## TASK DIRECTIONS
What is the number of lines in these records that hold the word "Leather"? Reply with that number alone.
(SUPPLIED RECORDS Opens)
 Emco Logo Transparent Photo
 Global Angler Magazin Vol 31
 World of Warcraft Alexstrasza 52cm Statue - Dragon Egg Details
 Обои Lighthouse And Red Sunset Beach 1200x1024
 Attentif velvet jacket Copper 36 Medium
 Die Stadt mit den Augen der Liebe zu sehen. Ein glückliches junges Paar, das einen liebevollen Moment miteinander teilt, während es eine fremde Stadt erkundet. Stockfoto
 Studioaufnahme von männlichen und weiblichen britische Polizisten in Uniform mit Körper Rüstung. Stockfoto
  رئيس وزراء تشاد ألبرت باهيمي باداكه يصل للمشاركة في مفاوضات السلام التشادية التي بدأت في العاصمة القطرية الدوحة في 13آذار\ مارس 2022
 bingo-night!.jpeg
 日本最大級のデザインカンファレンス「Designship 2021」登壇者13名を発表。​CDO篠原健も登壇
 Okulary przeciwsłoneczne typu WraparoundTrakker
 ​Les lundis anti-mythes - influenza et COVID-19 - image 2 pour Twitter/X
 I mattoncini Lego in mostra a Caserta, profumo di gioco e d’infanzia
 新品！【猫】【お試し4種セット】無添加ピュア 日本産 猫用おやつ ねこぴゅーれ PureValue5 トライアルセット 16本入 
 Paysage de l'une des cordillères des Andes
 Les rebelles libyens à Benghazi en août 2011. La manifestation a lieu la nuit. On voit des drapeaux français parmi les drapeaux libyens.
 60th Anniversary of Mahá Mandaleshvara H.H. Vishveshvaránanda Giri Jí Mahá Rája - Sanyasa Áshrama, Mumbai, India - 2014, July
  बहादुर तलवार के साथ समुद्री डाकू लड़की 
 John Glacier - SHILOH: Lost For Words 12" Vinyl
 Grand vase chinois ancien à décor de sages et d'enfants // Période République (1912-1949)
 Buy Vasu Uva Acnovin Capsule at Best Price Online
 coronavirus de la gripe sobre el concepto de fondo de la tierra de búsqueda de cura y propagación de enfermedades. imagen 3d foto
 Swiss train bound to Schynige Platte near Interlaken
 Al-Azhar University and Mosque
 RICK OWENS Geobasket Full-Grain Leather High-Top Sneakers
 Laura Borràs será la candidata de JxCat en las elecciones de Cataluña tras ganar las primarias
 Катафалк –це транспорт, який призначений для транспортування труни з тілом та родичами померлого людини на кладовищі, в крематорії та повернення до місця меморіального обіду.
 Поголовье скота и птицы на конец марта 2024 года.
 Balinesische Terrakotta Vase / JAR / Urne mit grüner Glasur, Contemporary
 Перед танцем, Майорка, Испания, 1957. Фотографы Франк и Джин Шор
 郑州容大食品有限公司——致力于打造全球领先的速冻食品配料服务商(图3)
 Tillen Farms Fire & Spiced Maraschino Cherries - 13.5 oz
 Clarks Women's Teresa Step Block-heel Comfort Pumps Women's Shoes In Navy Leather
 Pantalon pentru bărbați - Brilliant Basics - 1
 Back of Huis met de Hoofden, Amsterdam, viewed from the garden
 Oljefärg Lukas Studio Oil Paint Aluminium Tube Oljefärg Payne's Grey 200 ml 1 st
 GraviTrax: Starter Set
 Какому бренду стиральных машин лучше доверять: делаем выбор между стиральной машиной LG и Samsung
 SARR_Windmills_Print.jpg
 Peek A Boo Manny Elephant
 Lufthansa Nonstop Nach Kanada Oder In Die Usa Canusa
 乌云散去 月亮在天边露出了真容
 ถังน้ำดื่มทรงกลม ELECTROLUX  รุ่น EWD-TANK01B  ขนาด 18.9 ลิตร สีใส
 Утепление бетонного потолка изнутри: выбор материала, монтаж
(SUPPLIED RECORDS Closes)
## ANSWER TO THE EXERCISE
2